In modern affluent society, adults make approximately 35000 decisions a day. Presumably you make these daily choices according to your preferences.

But which preferences?

The answer to that is critical for you to beware, and be aware.

Preferences Are Like an Onion (or Pyramid, or Neural Net)

Preferences can live in isolation.

I’d rather listen to heavy metal than jazz.

But they also live in context.

I’d rather listen to heavy metal when I’m driving, but smooth jazz during a dinner party.

Preferences also live within a complex set of contextual interdependencies with other preferences.

I’d rather run, but I’m training for a triathlon, and my plan calls for a swim today. Since my overarching preference is to maximize my performance in that triathlon, I will choose to swim.

There are layers, and hidden layers that stack and are interdependent, as well as contextual.

The Slippery Slope

“I’d rather…” can lead you down a slippery slope if you are not aware of those contextual interdependencies.

You might say, “I’d prefer to be healthy.”

But…

I’d rather have Coke instead of water.

I’d rather not schedule the colonoscopy.

I’d rather find a pill than a food solution.

I’d rather spend money on entertainment than quality food.

You might say, “I’d prefer to have a productive day.”

But…

I’d rather hit the snooze.

I’d rather do the easy task.

I’d rather give the appearance of being busy.

You might say, “I’d prefer to have more money.”

But…

I’d rather not live on a budget.

I’d rather my weekends were free.

I’d rather spend money on entertainment than a side business.

You might say, “I’d prefer to have a better marriage.”

But…

I’d rather not discuss the day.

I’d rather not get involved in her/his stuff.

I’d rather not expose myself to emotional danger.

You might say, “I’d prefer to not get laid off.”

But…

I’d rather be old school.

I’d rather not teach others what I do.

I’d rather do the things I already know how to do.

You might say, “I’d prefer to be a leader.”

But…

I’d rather stay in my lane.

I’d rather not put myself on the hook.

I’d rather complain about the current leadership.

You might say, “I’d prefer if people knew my name.”

But…

I’d rather stay in the back.

I’d rather not put myself out there.

I’d rather someone else do the presentation.

You might say, “I’d prefer if I could get somewhere in my life.”

But…

I’d rather stay right here.

I’d rather not make a plan.

I’d rather think that I am unlucky.

You might say, “I’d prefer to make an impact on this world.”

But…

I’d rather stay in my comfort zone.

I’d rather not try something that might fail.

I’d rather not make some people made at me.

A Bit About Preferences in Marketing Messages

Well done marketing speaks to your preferences.
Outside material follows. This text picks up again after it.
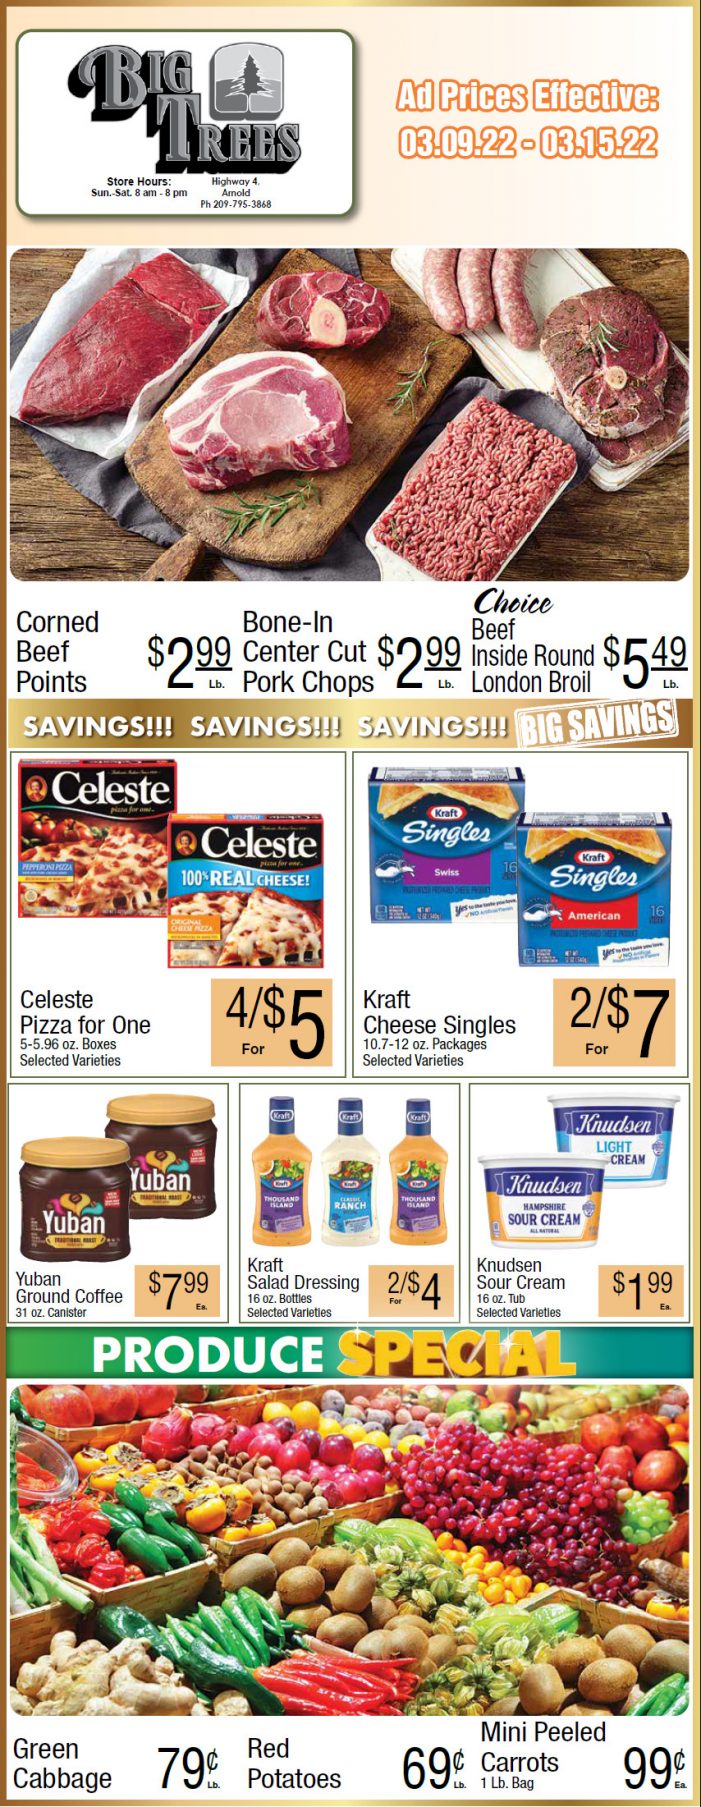 Big Trees Market Weekly Ad & Grocery Specials March 9th Through March 15th! Shop Local & Save!

In fact, it requires your preferences because there are literally hundreds and thousands of choices to be made.

Smart marketing is never about convincing you. It’s about picking you as the intended audience and feeding you with the preferences you already have.

“Hey…you who likes blue widgets! You’re the smart one to like blue widgets because they’re the best! Good news: we have them over here.”
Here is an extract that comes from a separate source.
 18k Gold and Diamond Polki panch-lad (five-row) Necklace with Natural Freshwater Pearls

Smart marketing messages can bring positive or negative change to your world by speaking to your preferences…so beware and be aware.
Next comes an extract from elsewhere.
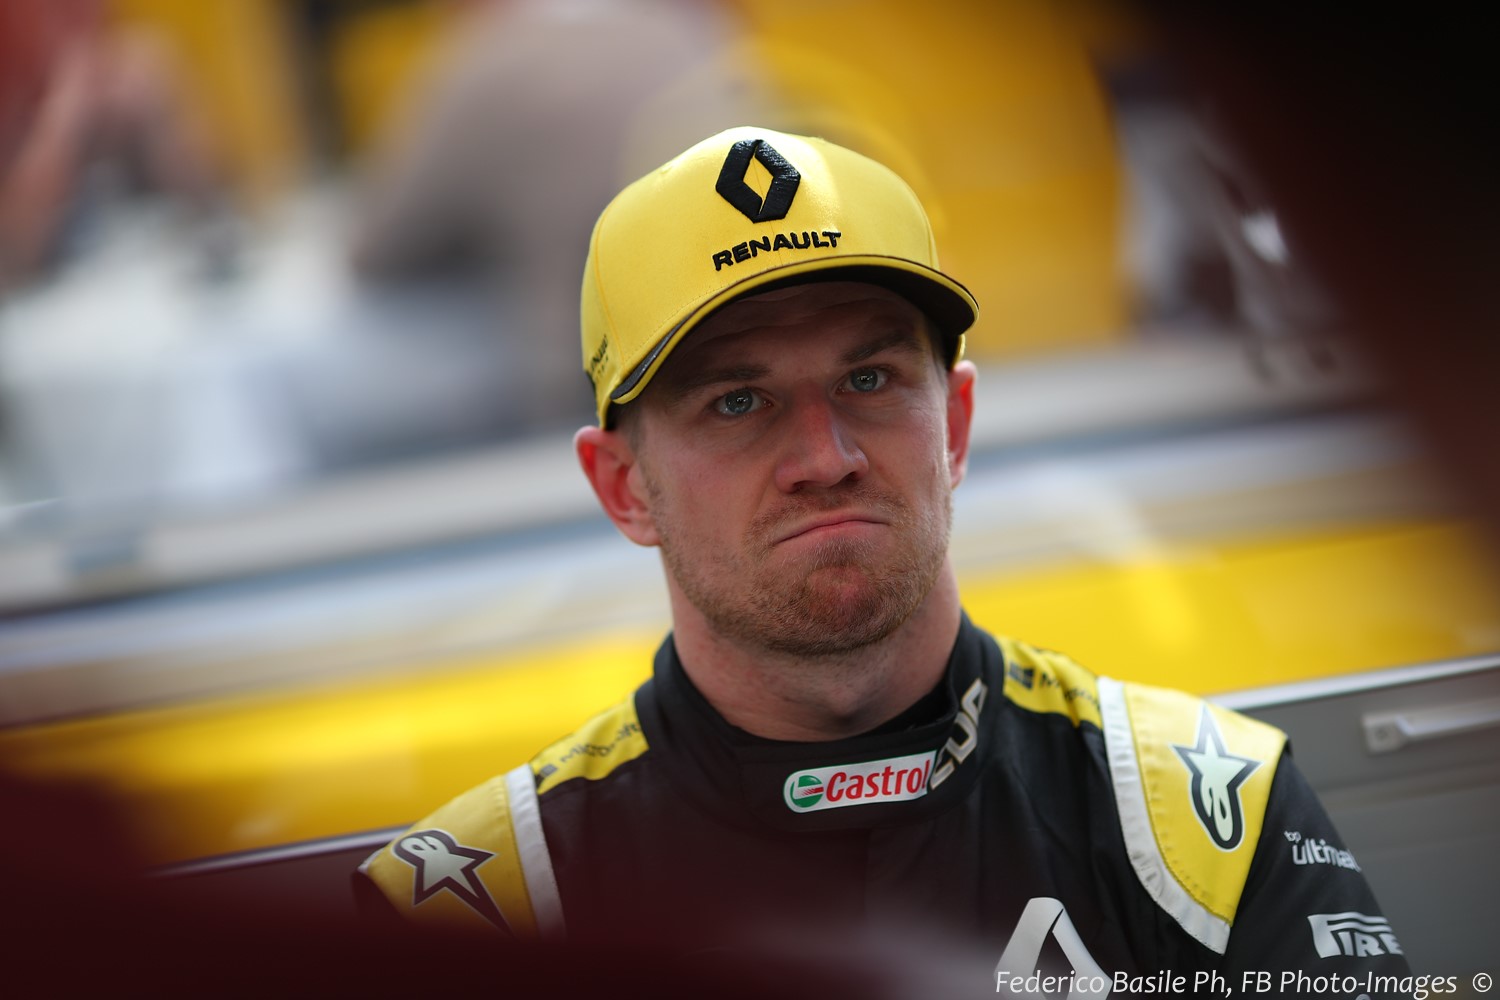 Nico Hulkenberg - dumped by Renault, not a single F1 podium in his career - a perfect fit for the anti-American Haas team

How to Beware and Be Aware of Your Preferences

Here’s a tip that has helped me and has kept me moving forward on some important goals.

I evaluate my preferences against my comfort zone.

Is this “I’d rather…” choice keeping me in my comfort zone, which is then prohibiting me from reaching the larger goal or preference?

If so, I try to choose against it. It’s not easy, nor do I always succeed.

For example, writing these articles. My big-picture preference is to build an audience on which I can make a positive impact. Six months ago, my comfort zone was winning and I wasn’t even trying to write. I was giving in to the “I’d rather not write today” preference.

A funny thing happened, though. Even though I was failing to make the “correct” choice, I became aware that I was making this choice (and others) consciously. That conscious awareness has helped build my decision making skillset.

Whatever your overarching “I prefer…” statement is, you are probably making some connected “I’d rather…” choices that align, and some that don’t.

Be aware of the ones that align. Beware of the ones that don’t.

You can start by evaluating these choices against your comfort zone.